Cuando todas las bolsas estaban ya en la cocina, Pedro no sabía muy bien qué hacer, así que se sirvió un vaso de agua y se quedó apoyado en el fregadero, tomándoselo a sorbos mientras ella sacaba las cosas. Había comprado varias bandejas de carne: Filetes de ternera, carne picada, pollo…, Pero también vió salir de las bolsas unos cuantos precocinados que le hicieron fruncir el ceño: Pastel de carne y pizza congelada. ¡Y varitas rebozadas de merluza, por amor de Dios!
–¿Qué diablos es eso? –dijo señalándolos.
–Me imagino que esa pregunta no estás haciéndomela en sentido literal, ¿No? –contestó ella.
Lo había dicho en un tono burlón, como el que una madre emplearía con un niño travieso.
–¿Es un castigo por haberme negado a enseñarte a cocinar?
Paula acabó de guardar los congelados y se volvió hacia él con los brazos en jarras.
–Pues claro que no, ¡Qué tontería! He ido a comprar comida y…
–Eso no es comida. ¡Es basura precocinada con un montón de aditivos!
–Si no quieres comer lo que he comprado, no tienes por qué hacerlo.
Además, seguro que hasta todos esos precocinados que he traído son mejores que la comida con la que has estado subsistiendo Dios sabe cuánto tiempo. Porque cuando llegué ayer encontré poco más que latas de alubias, galletas saladas y cereales. Bueno, en eso tenía parte de razón. Daba igual lo que comiera, y cuanto más insípido o repugnante resultara lo que comiera, mejor. Había sido su búsqueda de la excelencia lo que había provocado aquel incendio que casi le había costado la vida a aquel chico. Sintió una punzada en el pecho. Alargó una mano temblorosa hacia una silla y se sentó. Tenía que recordar qué era lo que de verdad importaba; tenía que expiar su culpa.
–Pedro, ¿Estás bien? –inquirió Paula.
Él asintió.
–No me mientas; ¿Quieres que llame a un médico?
–No.
–Federico me dijo que físicamente ya estabas recuperado.
–Y lo estoy –Pedro inspiró–. Es solo que no quiero hablar de nada que tenga que ver con la cocina, ni de comida.
La expresión de los ojos verdes de Jo cambió, como si comprendiera de repente.
–Es porque te recuerda al accidente, ¿No?
No solo por eso. Le recordaba todo lo que había tenido, y todo lo que había perdido.

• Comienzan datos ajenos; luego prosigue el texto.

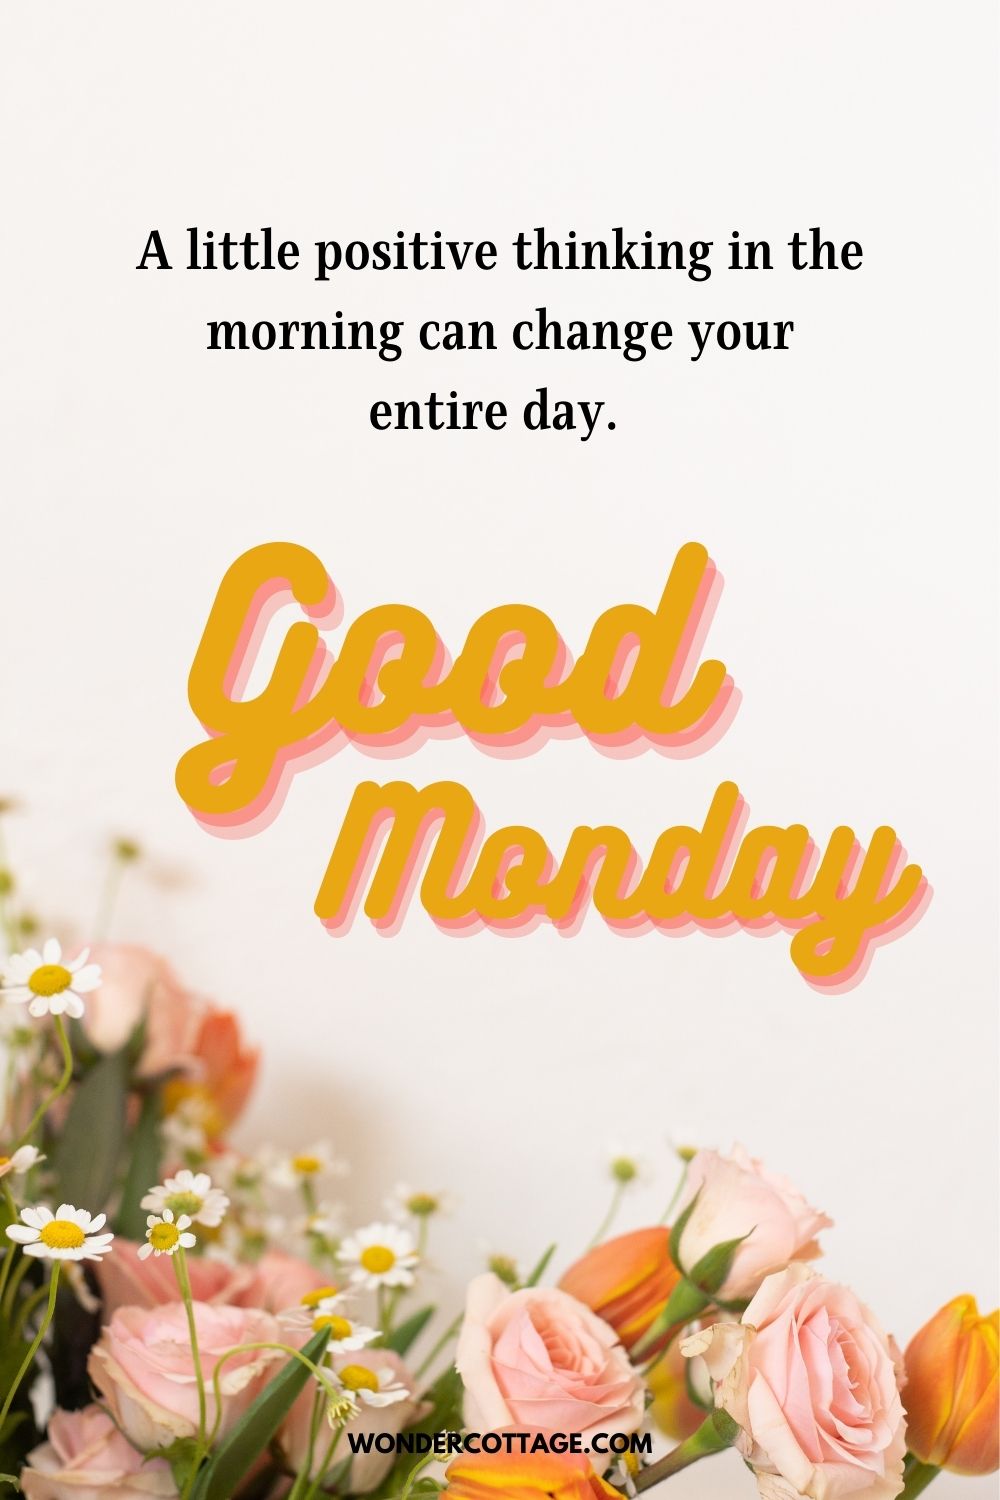 A little positive thinking in the morning can change your entire day. Good Monday!

Pedro se tensó de repente cuando le puso la mano en el hombro, y Paula se apresuró a apartarla. Parecía tan abatido que lo que habría querido hacer era darle un abrazo y decirle que no se preocupara, que todo se arreglaría. Pero si el solo contacto de su mano lo había puesto así de tenso, un abrazo habría sido aún peor. Y la verdad era que no podía asegurar que todo fuese a arreglarse.
–¿Sabes qué?, al menos puedo prometerte una cosa –le dijo.
Pedro alzó la vista.
–Te prometo que no te obligaré a comer varitas de merluza.

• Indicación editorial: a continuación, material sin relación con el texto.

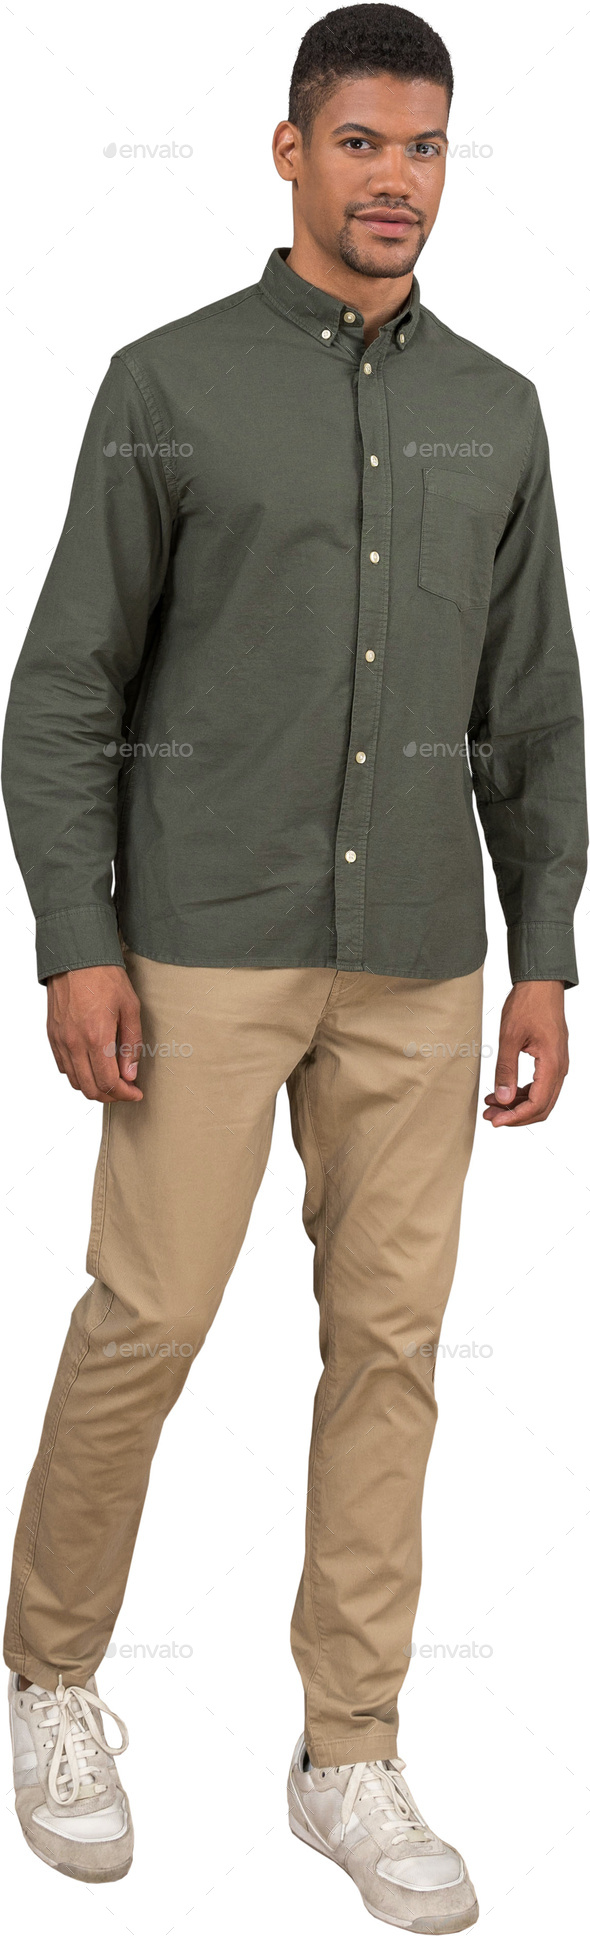 Buy Olive Green Trousers & Pants for Men by iVOC Online | Ajio.com

Él no se rió. Ni siquiera sonrió. Pero pareció relajarse un poco, y le volvió el color a la cara.
–Bueno, supongo que debería agradecerte que te compadezcas de mí.
–Desde luego. ¿Has almorzado ya?
Cuando Pedro negó con la cabeza, tomó una manzana de las que acababa de colocar en el frutero y se la lanzó. Eso tampoco lo hizo sonreír, pero bromeó diciendo:
–Veo que contigo aquí voy a disfrutar de los mejores cuidados.
–Ya lo creo –asintió ella. Tomó las llaves de su todoterreno de la encimera, donde las había dejado–. Voy a meter a La Bestia en el garaje.
Pedro no dijo nada; solo le dió un mordisco a la manzana. En cuanto hubo salido de la casa, Paula dejó caer los hombros y suspiró preocupada. Si Pedro se ponía así de mal solo por hablar de comida, probablemente debería perder toda esperanza de que accediera a darle clases de cocina. La verdad era que había sido muy desconsiderado por su parte habérselo pedido siquiera. «¿Es que nunca piensas antes de actuar, Paula?», se reprendió, y con otro suspiro subió a su todoterreno y rodeó la casa con él para llevarlo al garaje. Parecía que no podría contar con Pedro para solucionar su problema. Necesitaba hacer una pirámide de macarrones dulces, y apenas tenía algo más de dos meses para aprender cómo. «Es igual», se dijo irguiendo los hombros. Podía aprender sola; seguro que en Internet había recetas y vídeos donde lo explicaran. Tampoco sería tan difícil, pensó mientras detenía el todoterreno delante del garaje y se bajaba.